§ **Assigned task**: Write back every line of the listing exactly, excluding images.

§ **Information provided**:
=== Begin Enclosure ===
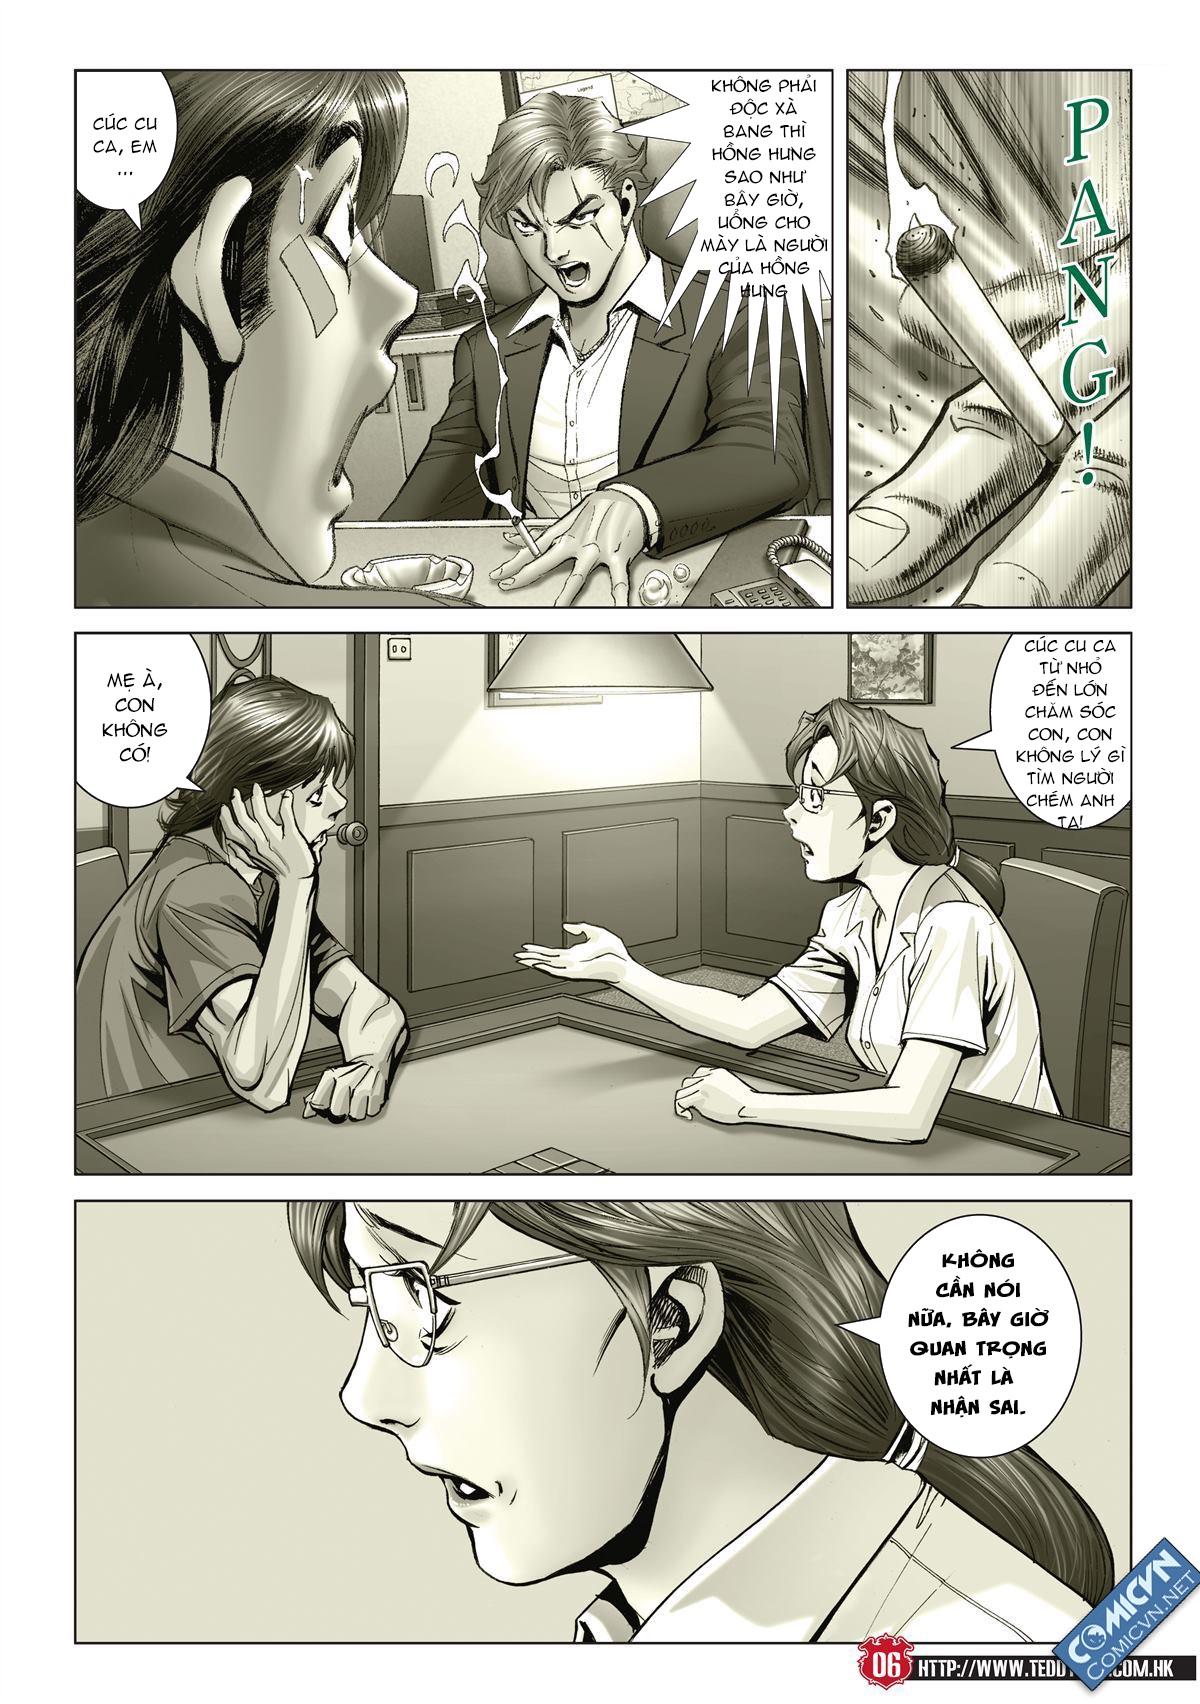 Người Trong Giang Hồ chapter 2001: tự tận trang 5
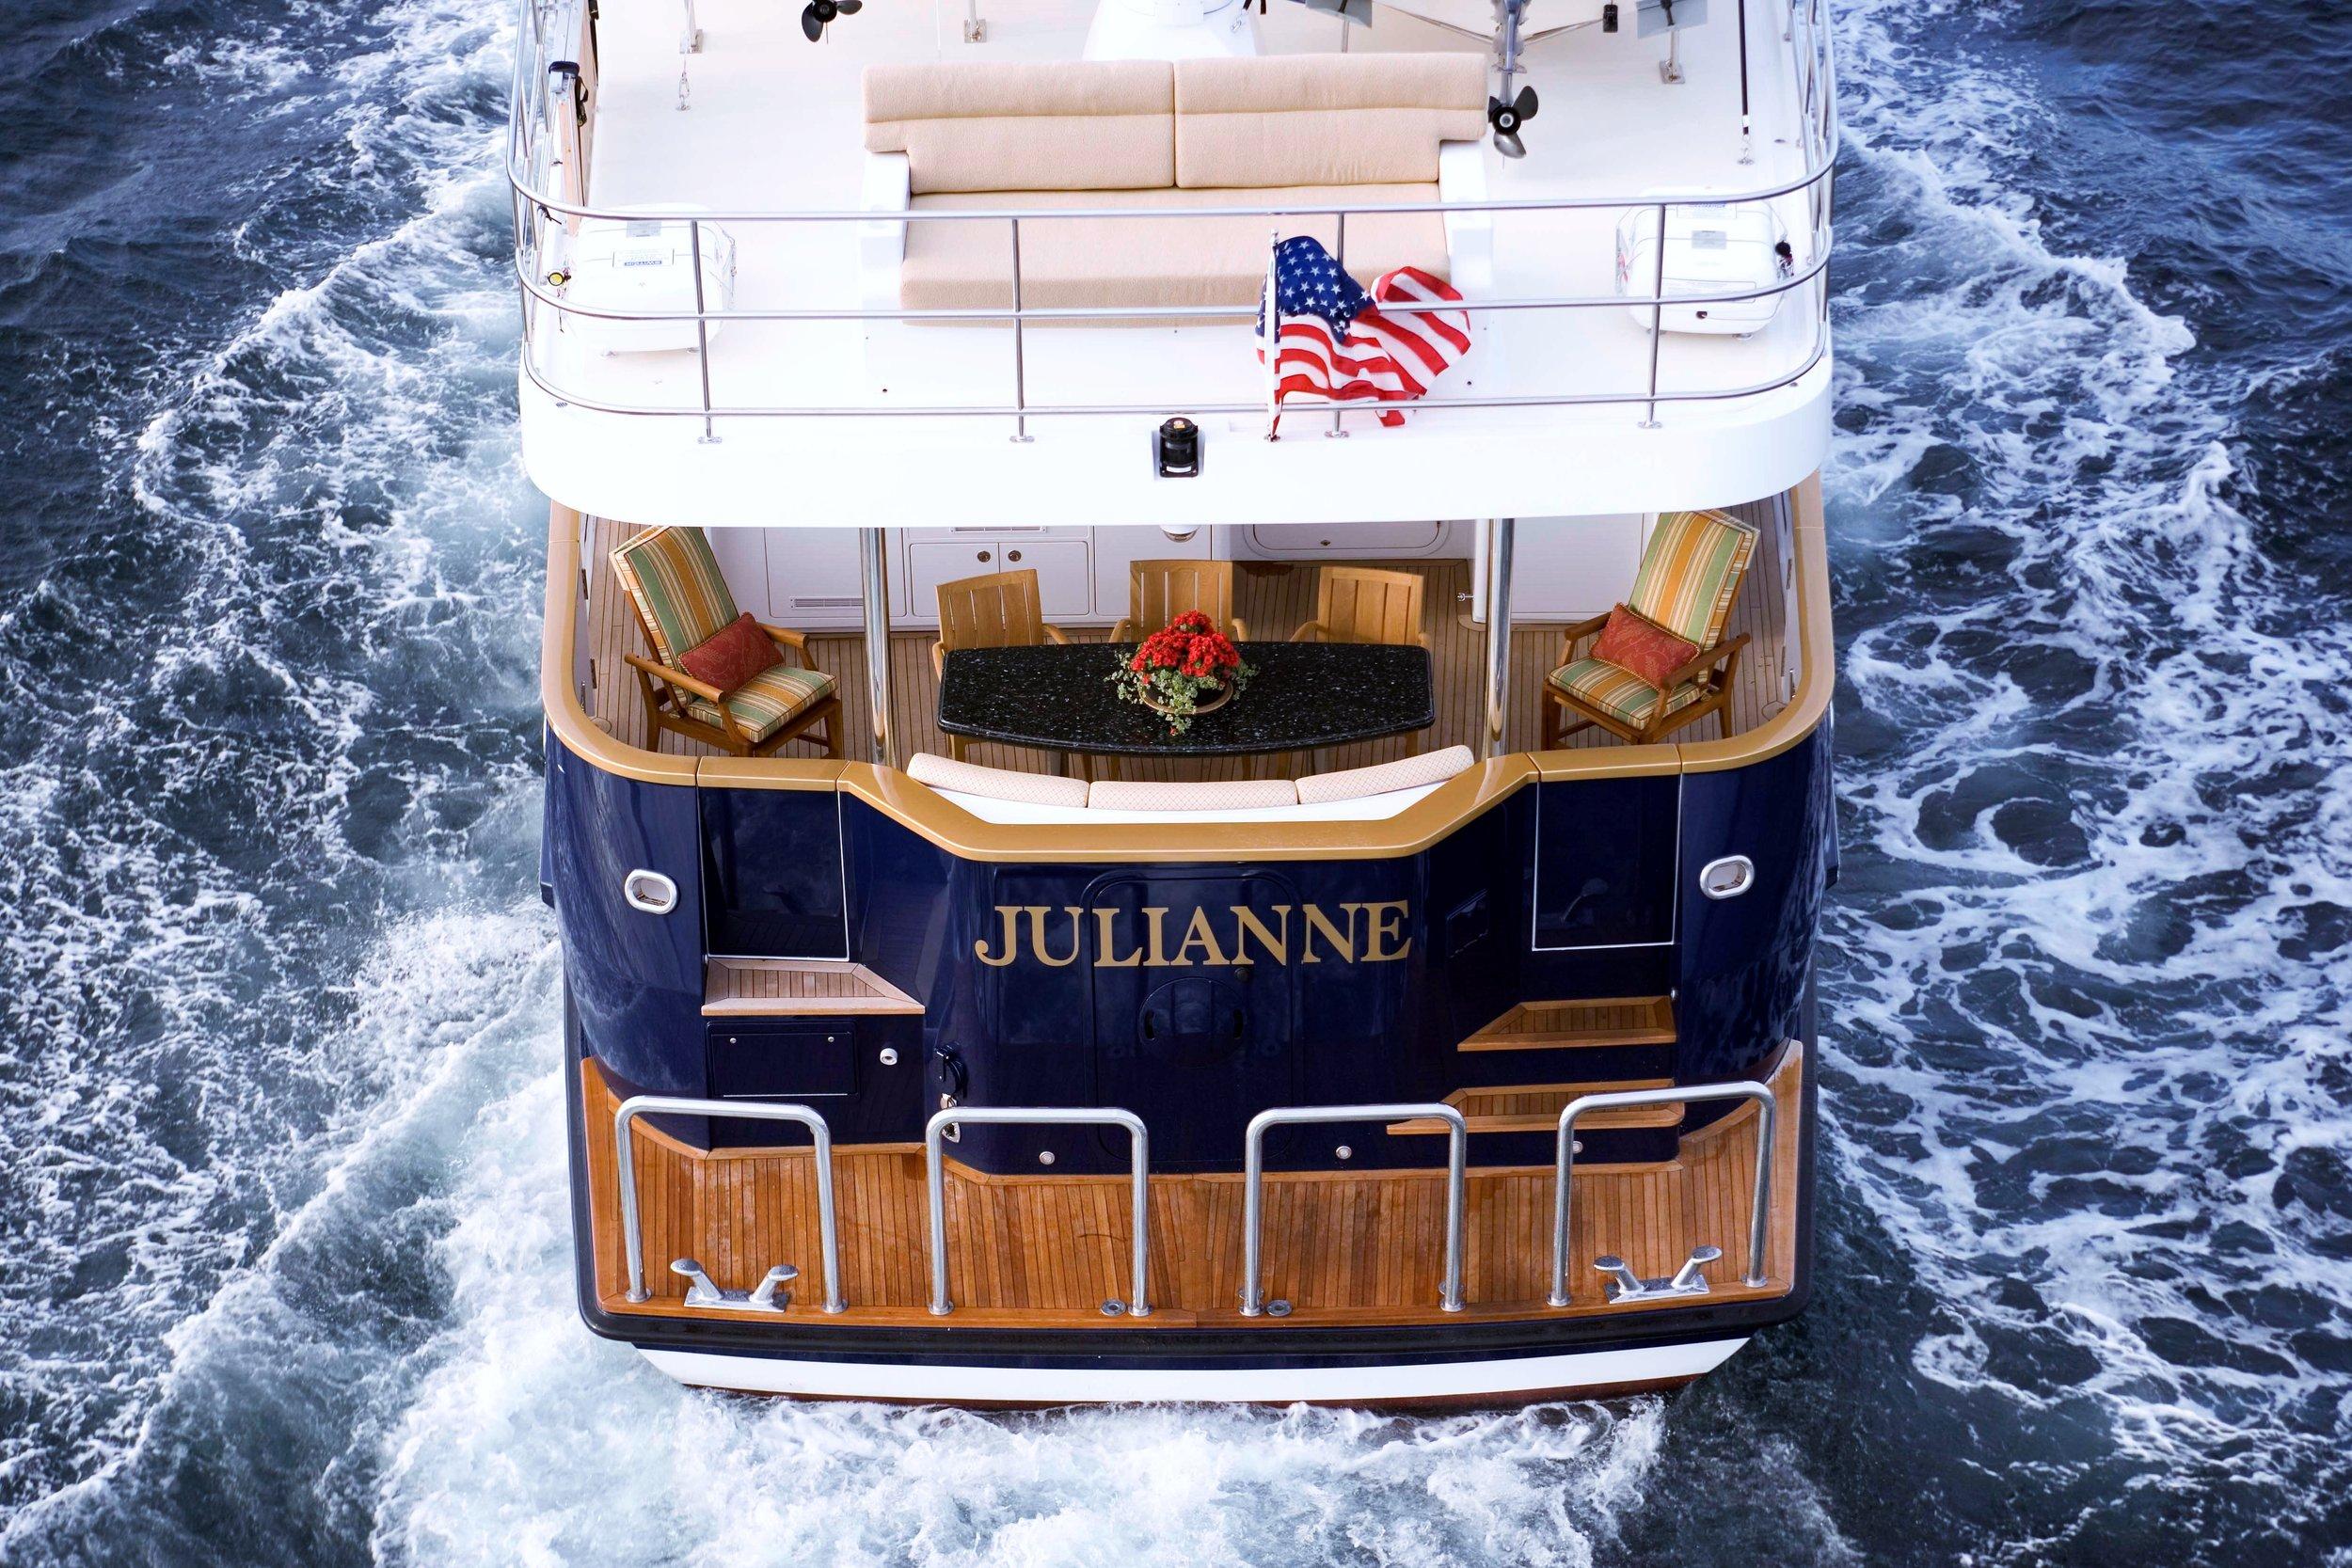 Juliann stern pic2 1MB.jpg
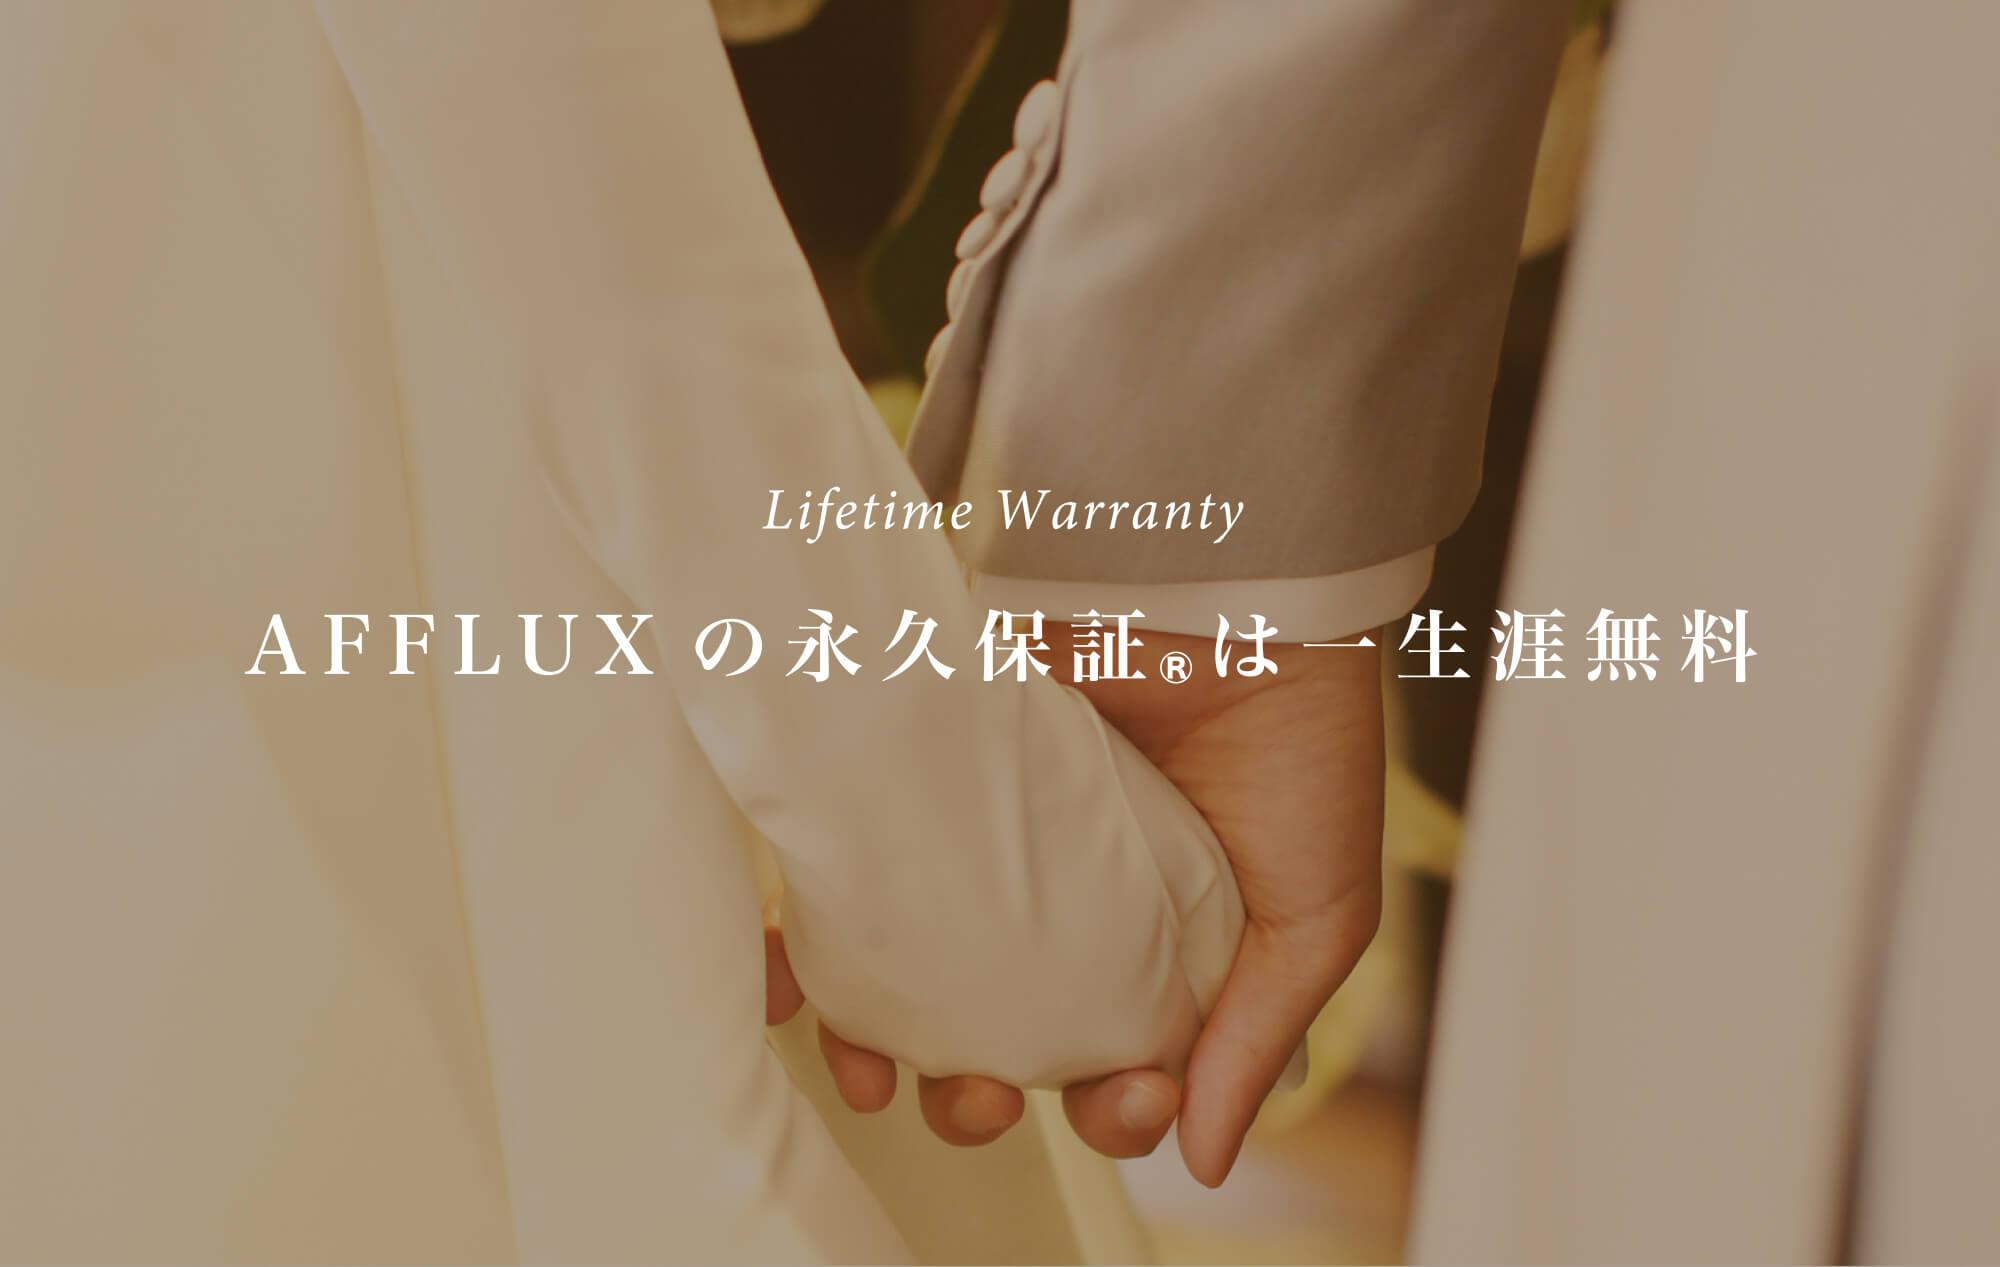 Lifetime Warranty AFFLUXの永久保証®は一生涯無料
=== End Enclosure ===
§ **Response below**:
 Người Trong Giang Hồ chapter 2001: tự tận trang 5
 Juliann stern pic2 1MB.jpg
 Lifetime Warranty AFFLUXの永久保証®は一生涯無料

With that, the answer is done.